Book Review: Microcontroller Basics with PIC

Author: Tam Hanna

Published: 2020

Target Audience: Entry-level Engineers (0 – 3 Years’ Experience)

Jacob’s Rating: 5 Stars

Book Link: https://www.elektormagazine.com/news/new-book-microcontroller-basics-with-pic

Microcontroller Basics with PIC is a great book for developers who are just getting started in embedded systems. The book does a fantastic job of covering all the topics that someone new to developing microcontroller-based applications would need to understand. One of my favorite parts of this book is that it doesn’t start with C, but instead starts at the hardware level and uses assembly language to help the reader understand how the hardware works and how software interacts with the hardware. This level of understanding is something that is unfortunately lost on many developers today who are starting their careers working with Python or other high-level languages.

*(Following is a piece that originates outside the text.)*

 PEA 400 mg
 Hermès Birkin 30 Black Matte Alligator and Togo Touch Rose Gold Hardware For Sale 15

The book does a fantastic job of covering the details involved in working with a microcontroller. The author dives into low-level details like CPU architecture, register maps, arithmetic operations and does a great job at including many diagrams, code snippets and even oscilloscope traces that demonstrate the application output for specific code examples. The book is very hands-on and provides the schematic and code details necessary to duplicate the authors experiments easily. Starting in Chapter 7, the book begins to move to a higher level of abstraction by introducing the C programming language and how a developer can use C to interact with interrupts and peripherals.

Chapter 8 digs into interrupts and timers with the author demonstrating how to use timers control program execution and flow. The author discusses how timers can be used to produce a pulse width modulated signal using a brute force method with the timers and then how it can be generated more easily using a compare and capture peripheral. At this stage in the book, the author leverages Microchips graphical user interface tools to easily configure the peripheral and automatically generate code. I particularly like that the author first started at the low-level hardware and only after the reader understands what is happening and what they do that he moves up to automatic configurators and generated code.

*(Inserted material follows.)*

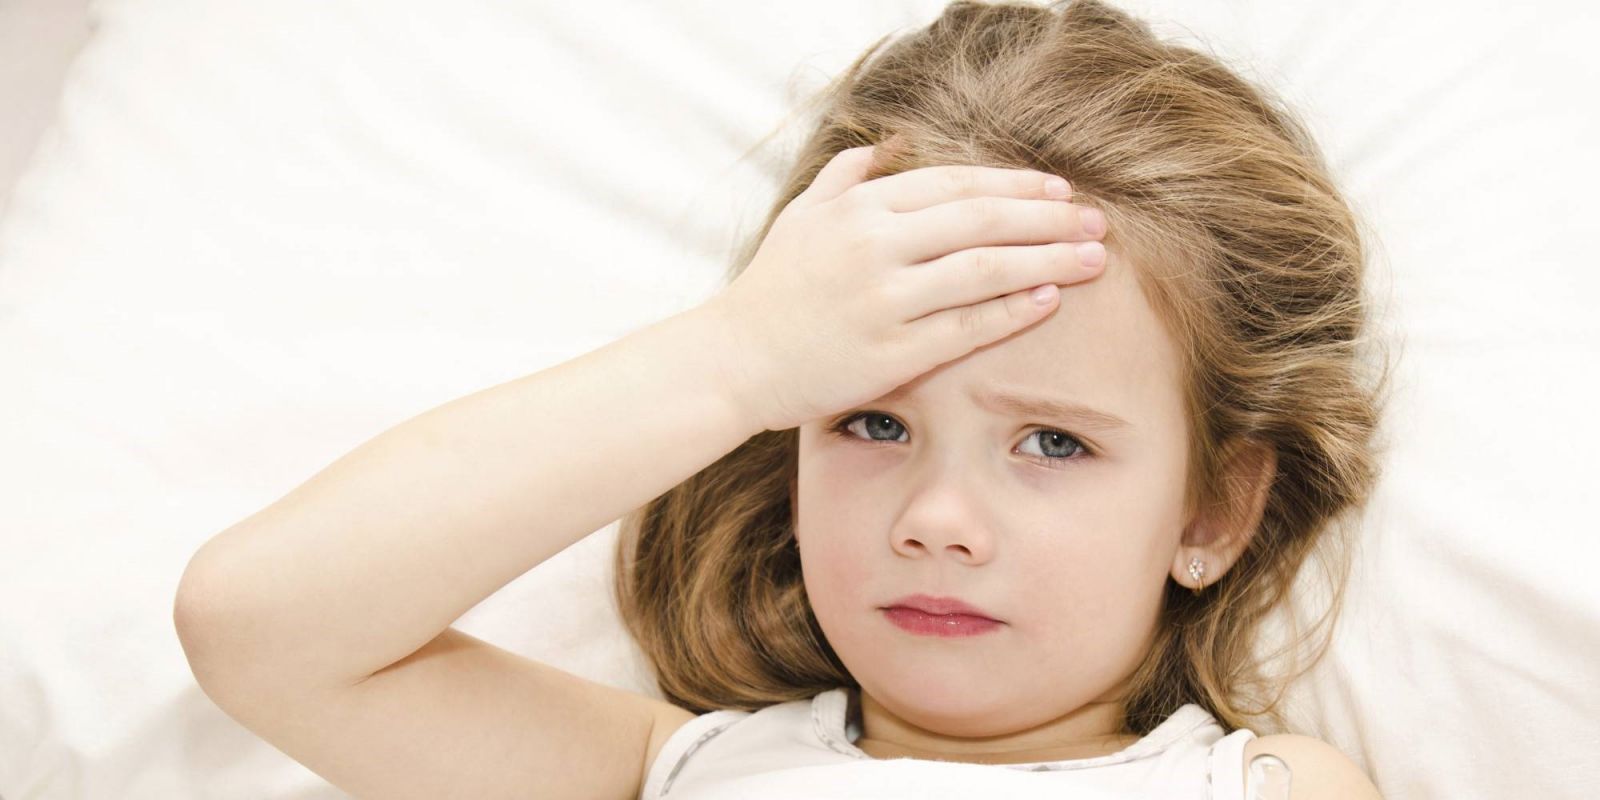 Trẻ bị sốt sau tiêm phòng sởi có nguy hiểm không 2?

The author then moves on to cover several additional topics that are important to any first book on microcontrollers. Chapter 9 demonstrates how to work with the I2C and SPI peripherals. This is done through both the hardware and through bit banging examples. While you might wonder why one would need to bit bang, there have been several times through-out my career where it was necessary due to available hardware, code, space or just efficiency to bit bang a serial protocol. The examples show how to do this, and the code could easily be reused by the reader.

I would highly recommend this book to any entry level engineers or developers who don’t understand how microcontroller hardware works at its lowest levels. This book does a fantastic job covering those details and helping to bring a developer up to speed on how to get started with microcontrollers. I’ve encountered many entry-level and even some career developers who could really benefit from this book. I particularly enjoyed the coverage of assembly, which I mentioned earlier can give a developer a level of understanding that few embedded software engineers have in today’s abstracted development cycles.